Item 1A. Risk Factors
     We are subject to various risks, many of which are beyond our control. As a result of these and other factors, we may experience material fluctuations in our future operating results on a quarterly or annual basis, which could materially and adversely affect our business, financial condition, results of operations liquidity, ability to pay dividends and stock price. An investment in our stock involves various risks, including those mentioned below and elsewhere this Annual Report on Form 10-K and those that are detailed from time to time in our other filings with the SEC.
We are subject to risks inherent in owning and leasing real estate.
     We are subject to varying degrees of risk generally related to leasing and owning real estate many of which are beyond our control. In addition to general risks related to owning properties used in the petroleum marketing industry, our risks include, among others:
  our liability as a lessee for long-term lease obligations regardless of our revenues,
 
  deterioration in national, regional and local economic and real estate market conditions,
 
  potential changes in supply of, or demand for, rental properties similar to ours,
 
  competition for tenants and changes in rental rates,
 
  difficulty in reletting properties on favorable terms or at all,
 
  impairments in our ability to collect rent payments when due,
 
  increases in interest rates and adverse changes in the availability, cost and terms of financing,
 
  the potential for uninsured casualty and other losses,
 
  the impact of present or future environmental legislation and compliance with environmental laws,
 
  adverse changes in zoning laws and other regulations, and
 
  acts of terrorism and war.
     Each of these factors could cause a material adverse effect on our business, financial condition, results of operations, liquidity, ability to pay dividends and stock price.
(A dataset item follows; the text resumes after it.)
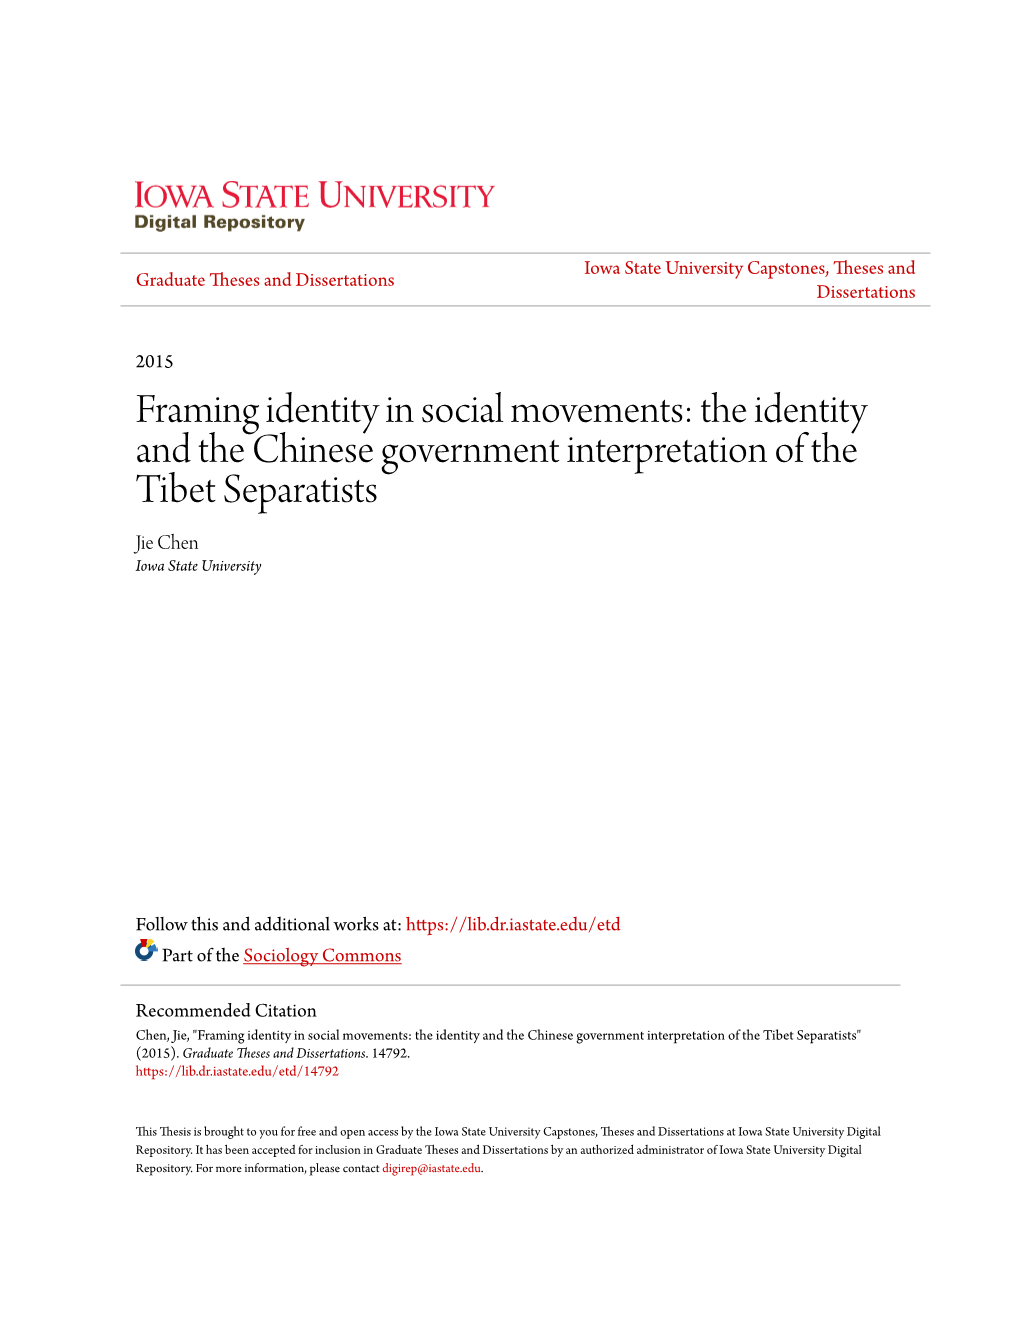 Framing Identity in Social Movements: the Identity and the Chinese Government Interpretation of the Tibet Separatists Jie Chen Iowa State University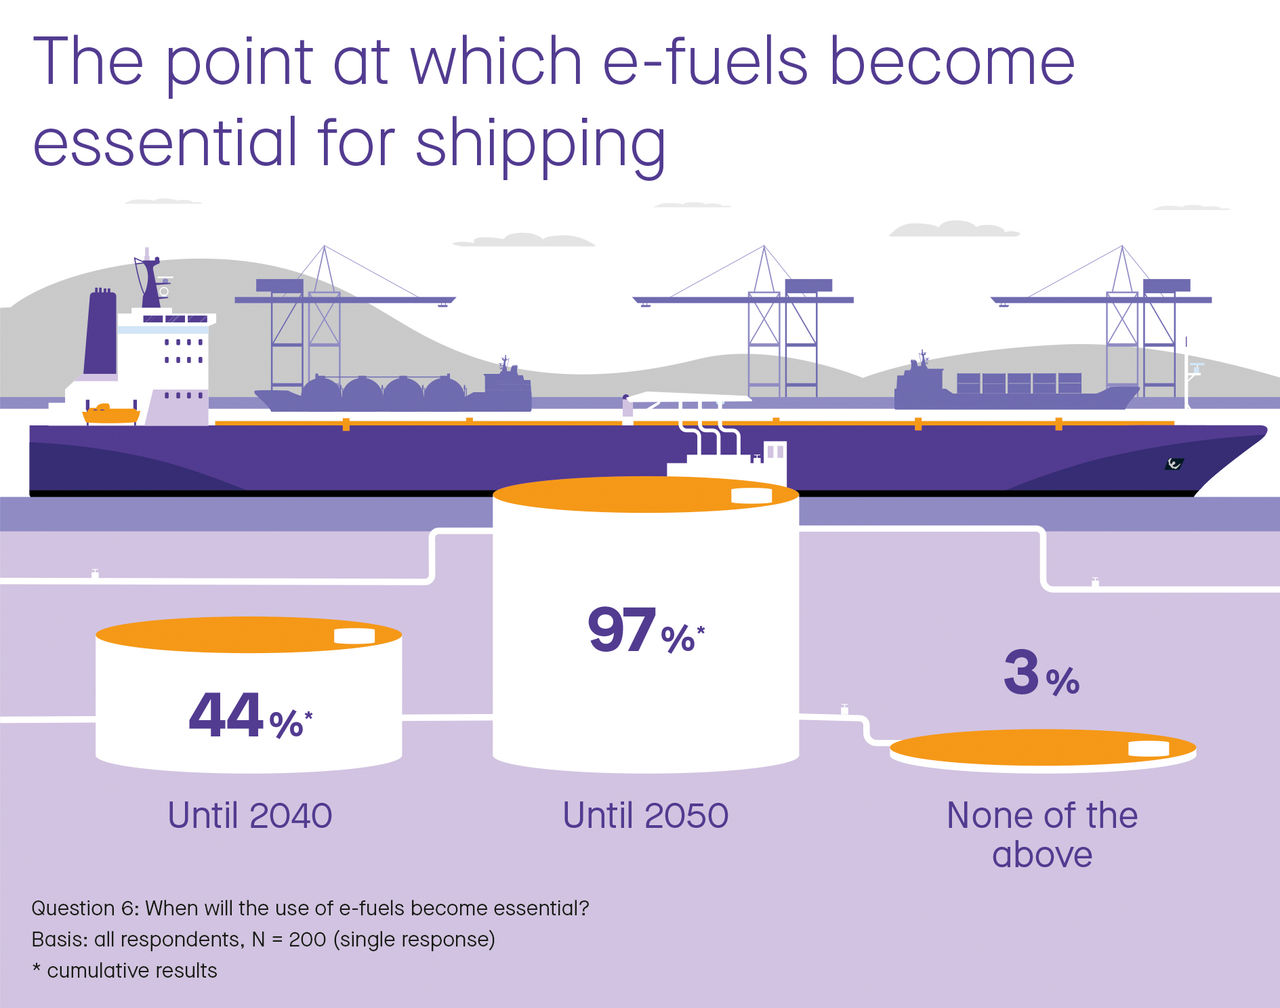 Close to half of the respondents estimate that e-fuels will become essential for shipping by 2040, and the vast majority is convinced e-fuels will be essential by 2050 (cumulative depiction).

In addition, real estate investments are relatively illiquid, which means that our ability to vary our portfolio of properties in response to changes in economic and other conditions may be limited.
Because our revenues are primarily dependent on the performance of Getty Petroleum Marketing Inc., our primary tenant, in the event that Marketing cannot or will not perform its rental, environmental and other obligations under the Marketing Leases, or if the Marketing Leases are modified significantly or terminated, or if it becomes probable that Marketing will not pay its environmental obligations, or if we change our assumptions for rental revenue or environmental liabilities related to the Marketing Leases, our business, financial condition, revenues, operating expenses, results of operations, liquidity, ability to pay dividends and stock price could be materially adversely affected. No assurance can be given that Marketing will have the ability to pay its debts or meet its rental, environmental or other obligations under the Marketing Leases.
     Marketing’s earnings and cash flow from operations depend largely upon the sale of refined petroleum products at margins in excess of its fixed and variable expenses and rental income from its subtenants. The petroleum marketing industry has been, and continues to be, volatile and highly competitive. A large, rapid increase in wholesale petroleum prices would adversely affect Marketing’s profitability and cash flow if the increased cost of petroleum products could not be passed on to Marketing’s customers or if the consumption of gasoline for automotive use were to decline significantly. Petroleum products are commodities, the prices of which depend on numerous factors that affect supply and demand. The prices paid by Marketing and other petroleum marketers for products are affected by global, national and regional factors. We cannot accurately predict how these factors will affect petroleum product prices or supply in the future, or how in particular they will affect Marketing or our other tenants.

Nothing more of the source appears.